Some faiths build entire major (false) doctrines around this one verse, 1 Peter 4:6,  leading to practices like saying prayers for the dead, lighting candles for the dead, baptism for the dead, praying for those in Purgatory and so forth.  Those who believe these also try to connect Jesus' proclamations to the chained angelic beings (1 Peter 3:19-20) with 1 Peter 4:6.  Did Jesus make proclamation to those angels in Tartarus?  Yes.  Did He preach the gospel to dead, unrighteous humans in Sheol, to give them a second chance?  No.

There is no such "gospel of the second chance" supported in Scripture.  In fact, just the opposite is found.
It is appointed for men to die once, but after this the judgment. 
Hebrews 9:27

Indeed, the "right time" is now.  Today is the day of salvation.
2 Corinthians 6:2

The best evidence, though, against "second chance salvation" is found in the story we touched on yesterday, the story of the rich man and Lazarus in Luke 16:19-31.  In that story, told by Jesus Himself, the rich man was BEGGING for a second chance.  However, it was quite plainly denied him.  No hope for salvation was extended.

Furthermore, did you see any repentance in this man, the rich man?  Was he expressing sorrow for his sins, expressing a desire to turn to God?  No.  If a person's heart is set against God in this life, it will remain so in the next.  There is no miraculous change of heart, no desire for Jesus Christ after death.  The desire expressed by the rich man was two-fold:  for relief from his torment, and for his family to avoid his fate.

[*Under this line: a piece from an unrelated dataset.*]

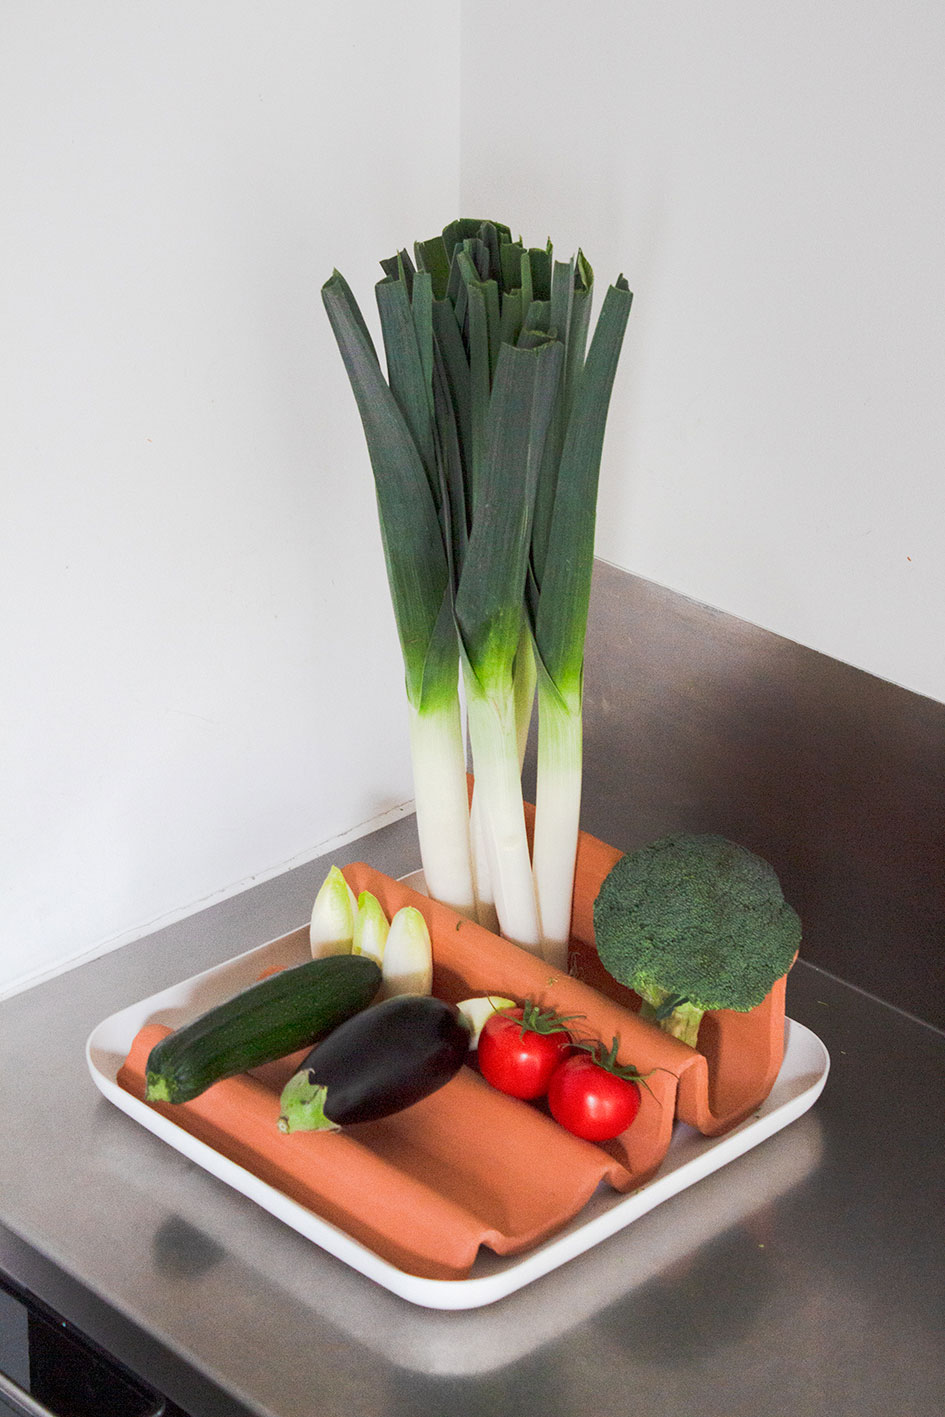 Frigo afin de conserver ses fruits et légumes en dehors du réfrigérateur - céramique - moulage de plaques - 35 x 35 cm - 2019

Each person must make his or her own decision to accept or reject Christ Jesus and His offer of salvation.  We are unable to "will" salvation to another, nor to "pray them out of Hell".  Although these are traditions of some churches, they are scriptural distortions.  This is why we speak in my church of the "personal decision for Jesus Christ" - - - no one can do it for you.  Think about it:  do you see anyone in either the Old or New Testaments doing these false practices?
An additional proof for the truth of one-to-one, personal salvation is found in Ezekiel 18:20 - -

20 The one who sins is the one who will die. The child will not share the guilt of the parent, nor will the parent share the guilt of the child. The righteousness of the righteous will be credited to them, and the wickedness of the wicked will be charged against them.

God is tremendously patient with us in this physical life, offering us opportunity after opportunity to accept His salvation through Jesus Christ.  But, when our souls/spirits depart our physical bodies and we step into eternity, there is no going back.  Once a person dies physically, there are no more chances. All that remains for the unbeliever is judgment.  That is what compels us believers to preach the gospel "to every creature" in this life.  The stakes are so high - - - they are eternal!

Father, these verses are sobering.  How I wish I could have enough faith for someone else!  What a comfort it would be if the Truth were like that little song, "If I get to Heaven before you do, I'll bore a little hole and pull you through!" But, that is not how you ordained it, Lord.  Grace is given one-on-one.  I pray that this Truth will burden us to the point of nearly crushing us today, so that we will be unable to resist Your Holy Spirit's urging us to either accept the gospel and decide for Jesus Christ or, for those who have done so, to share the gospel through the power of the One who is able to do "exceeding abundantly above all we ask or think" (Ephesians 3:20)...while there is time.  In Jesus' name, amen.